[Provided data]

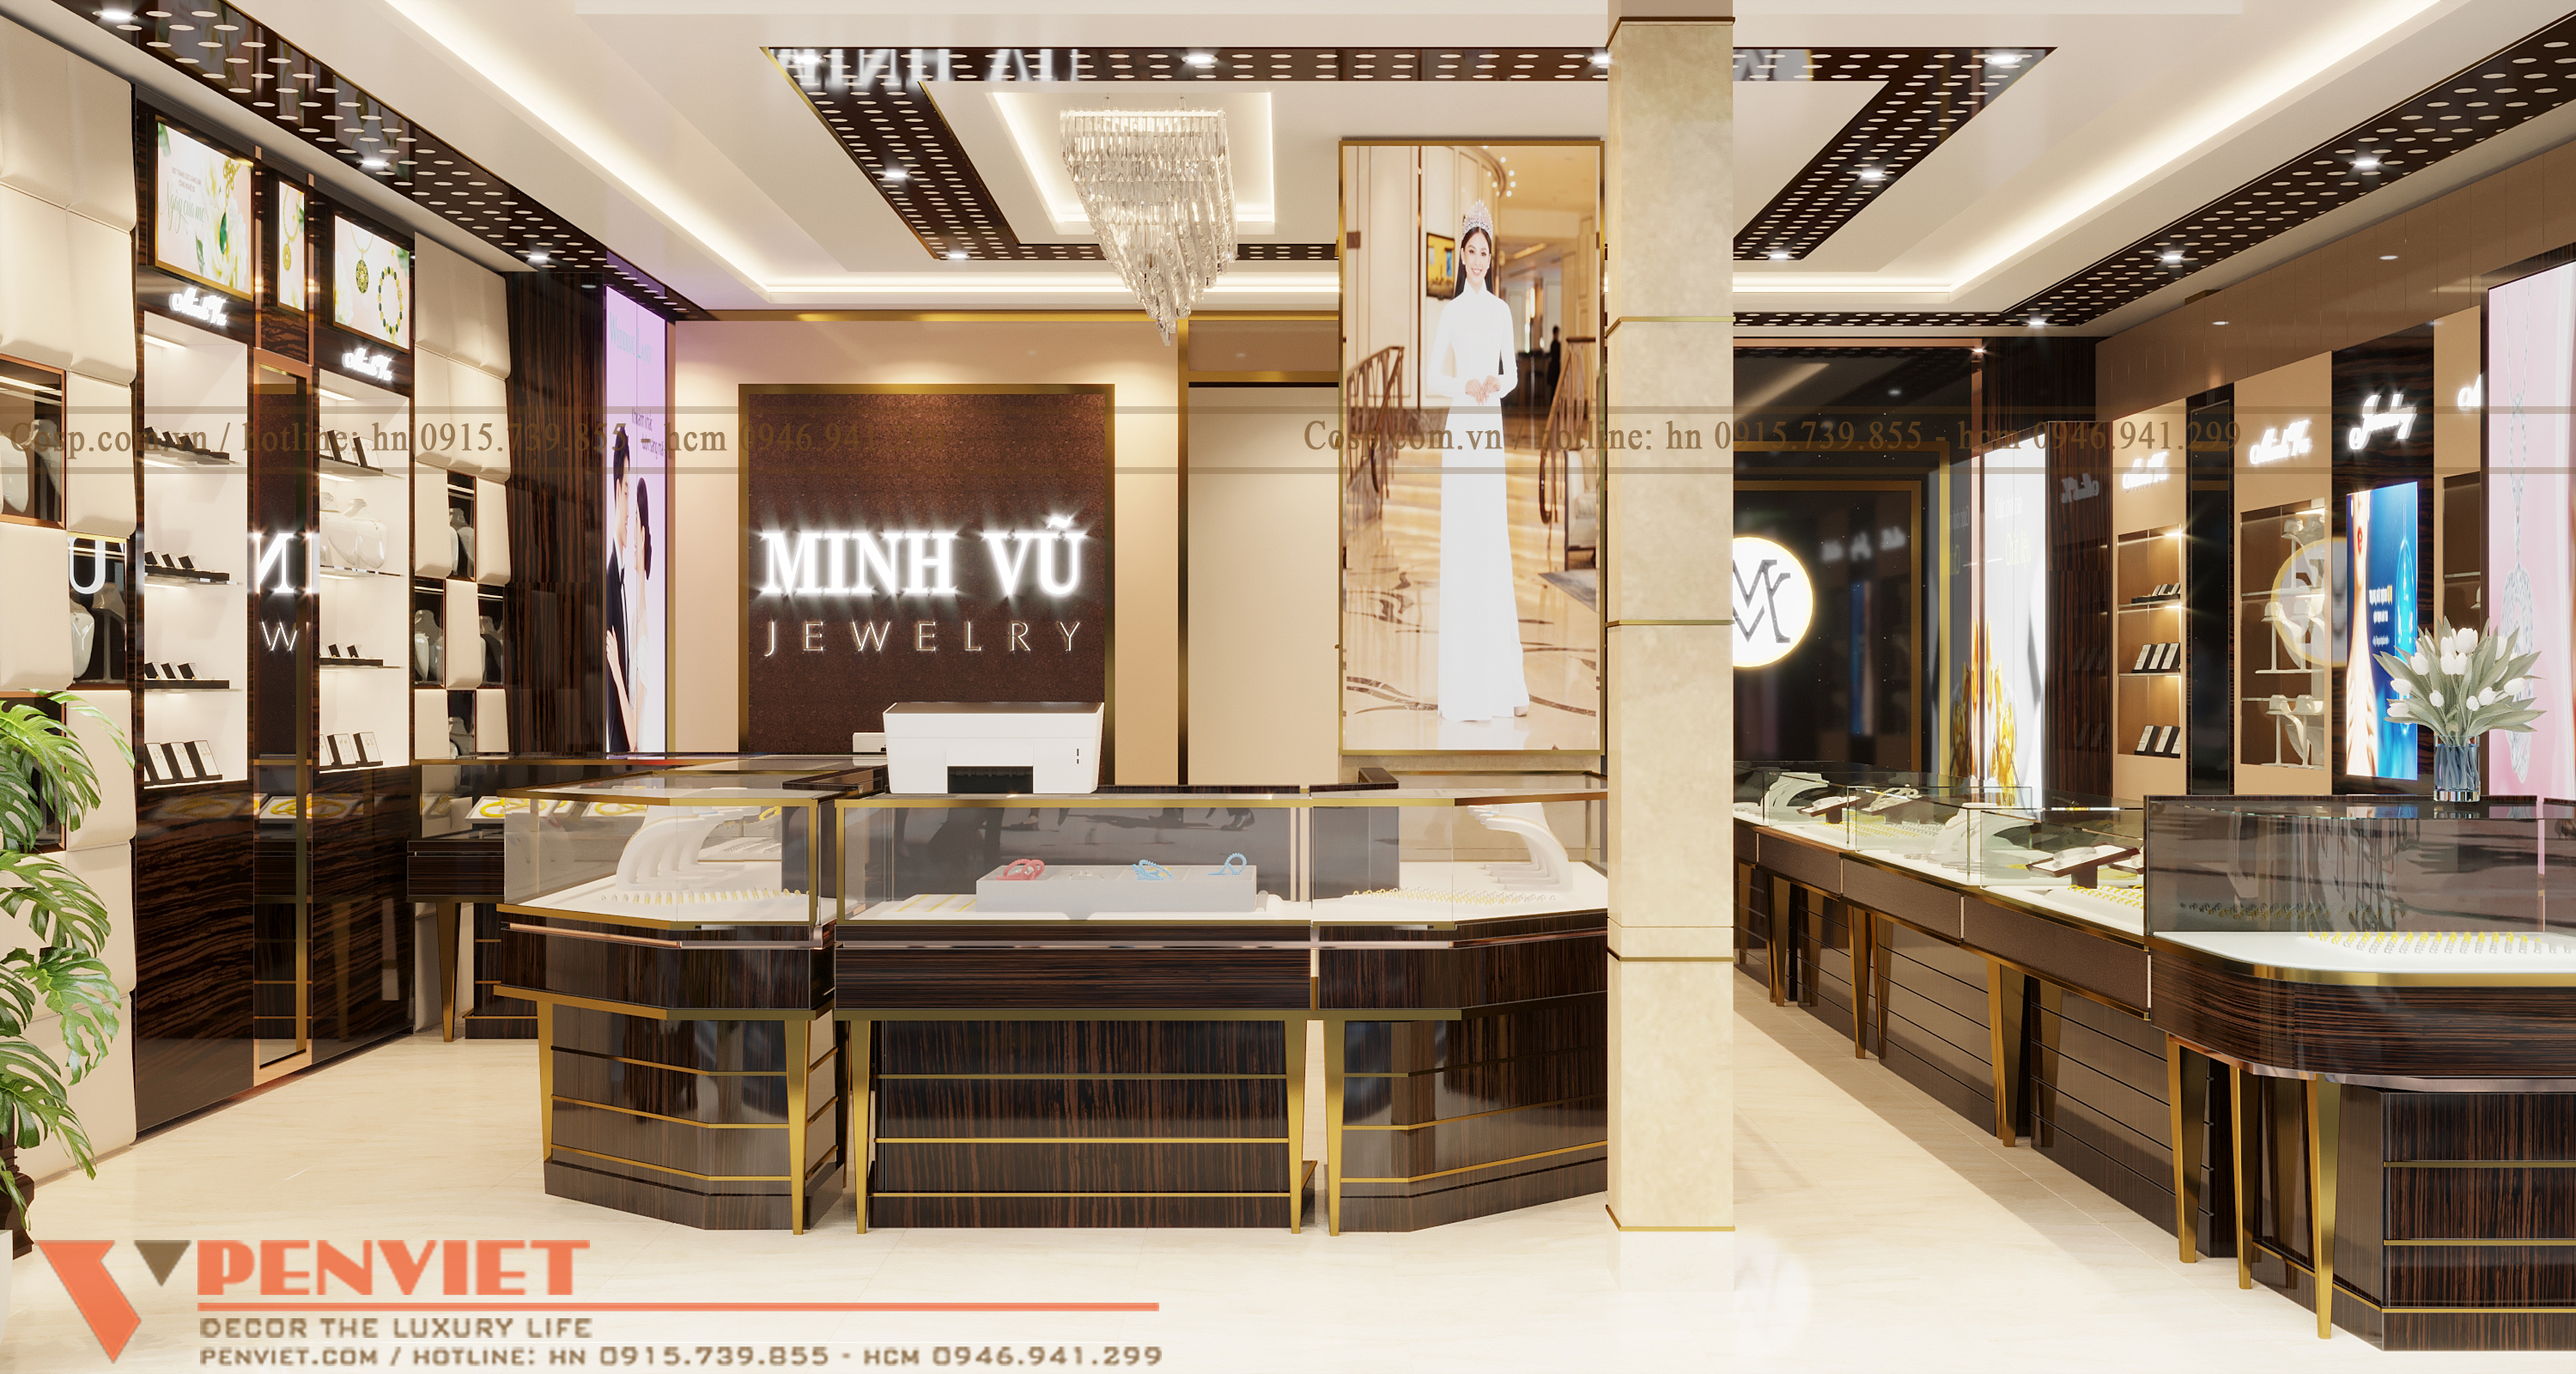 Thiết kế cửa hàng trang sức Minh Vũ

[/Provided data]
[Provided data]

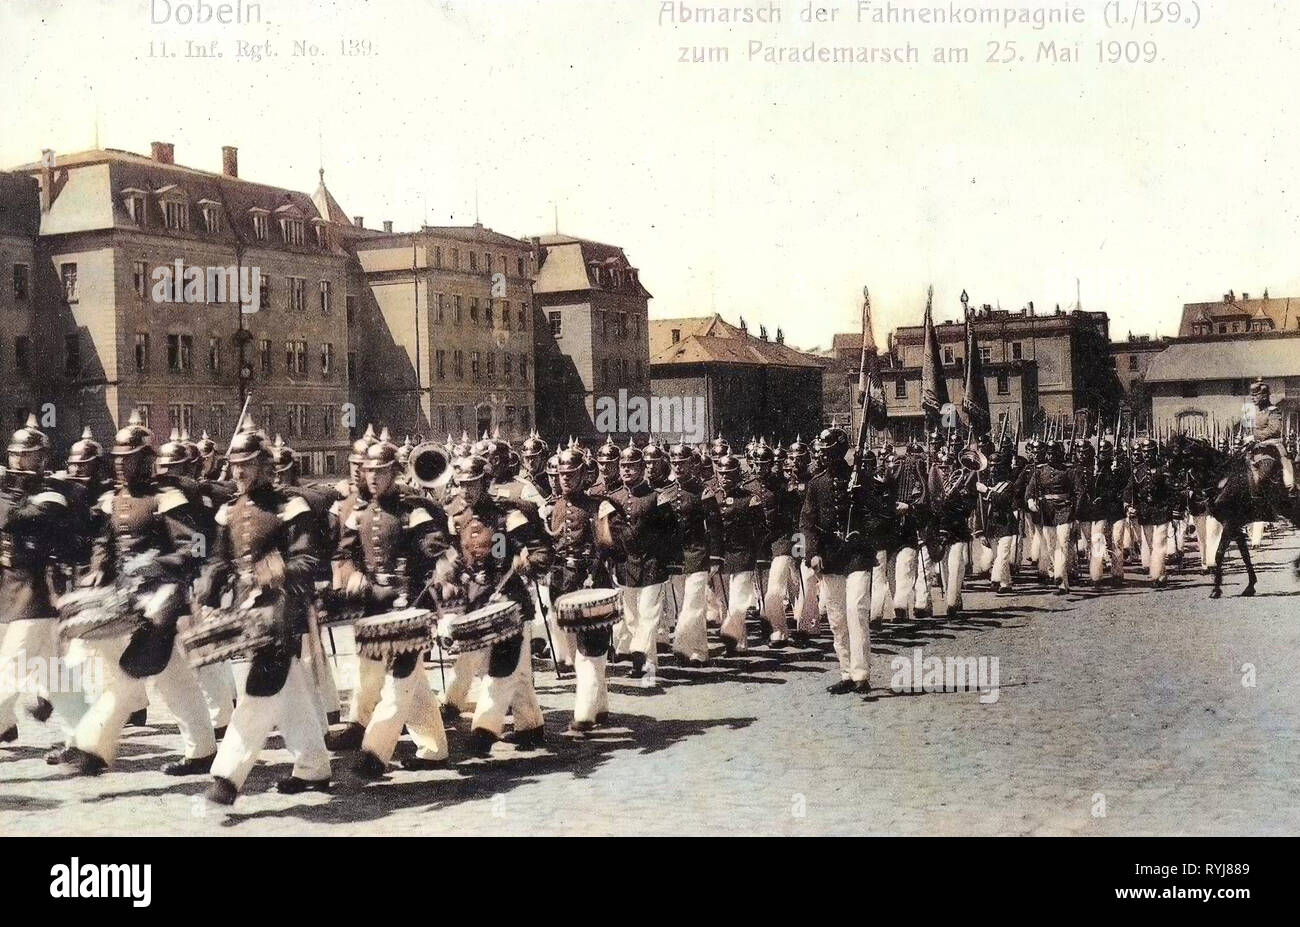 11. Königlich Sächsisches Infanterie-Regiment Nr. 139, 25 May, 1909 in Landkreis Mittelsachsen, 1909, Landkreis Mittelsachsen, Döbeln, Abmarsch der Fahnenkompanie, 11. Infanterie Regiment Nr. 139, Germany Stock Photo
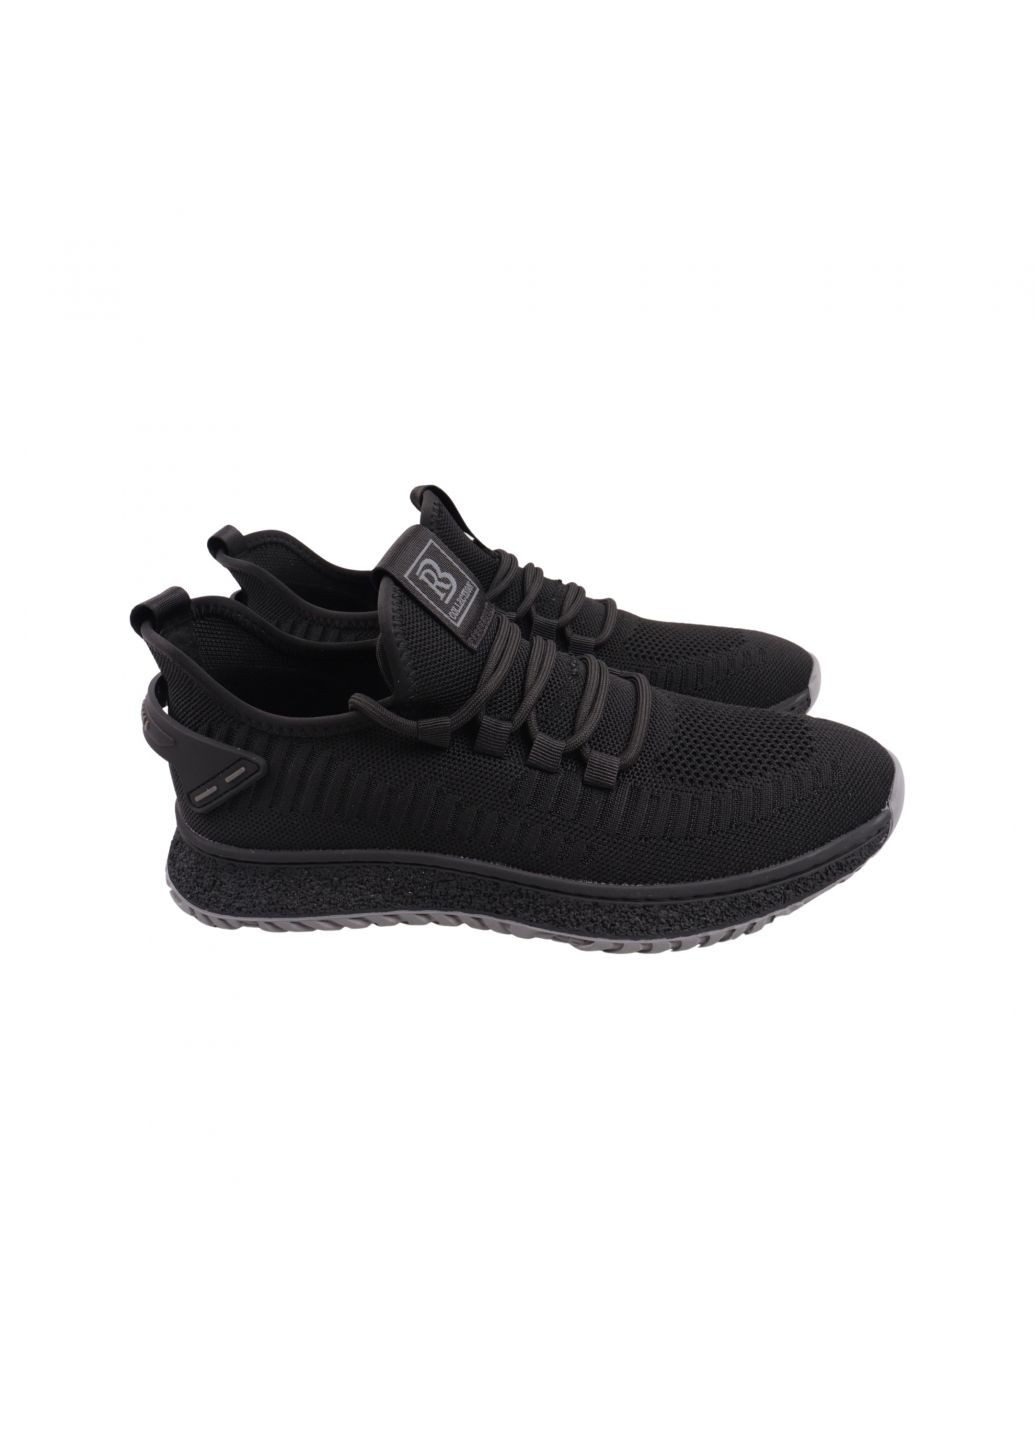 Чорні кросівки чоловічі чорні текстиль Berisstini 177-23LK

[/Provided data]
[Provided data]

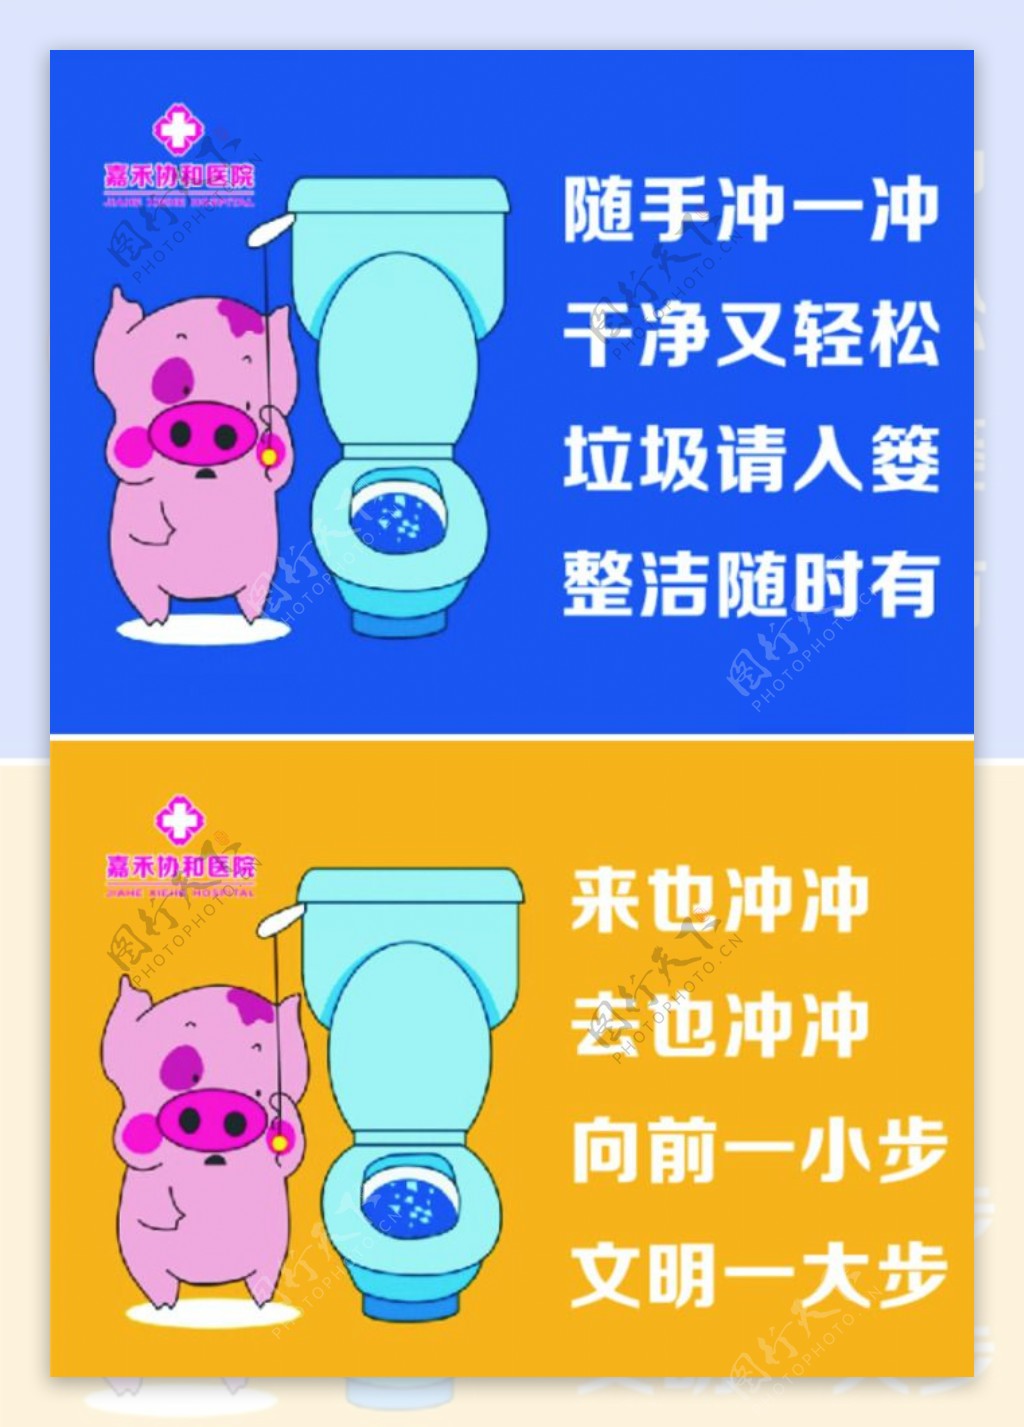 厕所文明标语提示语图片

[/Provided data]

● What is required: Beginning at the line that has "11. Königlich Sächsisches" and ending at the line that has "Чорні кросівки чоловічі", restate the listing above word for word, pictures left out.

● Answer below:
 11. Königlich Sächsisches Infanterie-Regiment Nr. 139, 25 May, 1909 in Landkreis Mittelsachsen, 1909, Landkreis Mittelsachsen, Döbeln, Abmarsch der Fahnenkompanie, 11. Infanterie Regiment Nr. 139, Germany Stock Photo
 Чорні кросівки чоловічі чорні текстиль Berisstini 177-23LK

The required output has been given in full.